We carry away with us two pictures, that we like to cherish, of the convent kiddies of Vermilion.  The first thing we saw when we peered round a corner of this old-fashioned building was the bright face of Sister Thomas of Canterbury playing see-saw with a dozen wide-grinning Slavi babies.  When the morning came when we were to bid reluctant good-bye to Vermilion and all its spontaneous kindness, the last sight that met our eyes before we turned the corner of the Peace was the whole convent force of Vermilion perched high on stumps and fence-rails, wishing us bon voyage with fluttering pocket-handkerchiefs, while Sister Thomas of Canterbury, on a ladder, surmounted the crowd and waved her farewells with a table-cloth.

CHAPTER XXI

FORT VERMILION TO LESSER SLAVE

“’Tis a summer such as broods
O’er enchanted solitudes,
Where the hands of Fancy lead us through voluptuary moods,
And with lavish love outpours
All the wealth of out-of-doors.”

—­James Whitcomb Riley.

[Illustration:  Going to School in Winter]

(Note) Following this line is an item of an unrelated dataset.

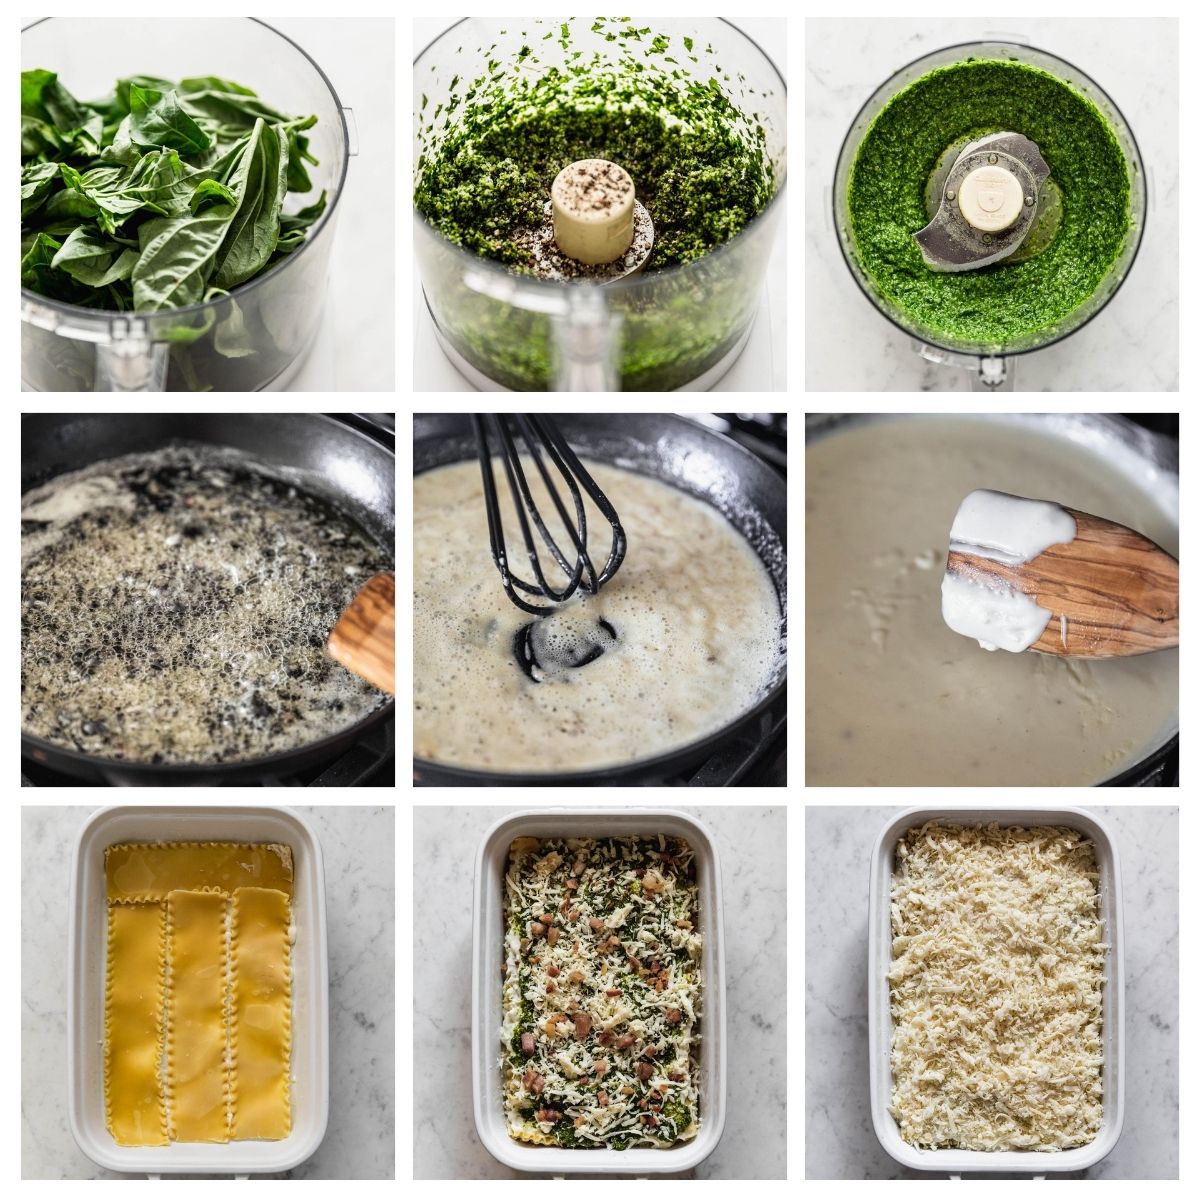 Nine images; on the upper left, a photo of basil in a food processor, in the middle top, basil chopped up in a food processor, and on the right, an overhead shot of pesto in a food processor on a marble counter. In the middle row, a side image of butter and shallots cooking in a pan. In the middle, roux being whisked in a black pan. On the right, bechamel sauce with a wood spoon. On the bottom row, an overhead photo of noodles layered in a cream-colored casserole dish. In the middle, the noodles are layered with cheese, pesto, and pancetta. On the right, the pasta is assembled and topped with cheese.

On September 15th we leave Vermilion, leave, too, on the beach the little Mee-wah-sin, and in the tiny tug Messenger of the H.B.  Company pass on up the Peace.  By night we tent on the banks, by day we puff along between painted banks of gold and crimson, while all around us the air is a pungent tonic, and overhead the southward-passing cranes are flying.

Little Se-li-nah, the sturdiest of travelling companions through months of wandering over portage and up river, has won our unbounded respect and created for herself a warm place in every heart.  Se-li-nah, though, makes it impossible for us to pose as brave endurers of hardships.  Each night and morning she carries her little pack on and off shore, takes her share of pot-luck at meat-su, and is never cross.  Bless the kiddie!  If ablutions seem to her a work of supererogation and our daily play of toothbrush furnishes all the fascination of the unknown, still hers is the right stuff for pioneer lands and she has lessons to teach us in pluck and endurance.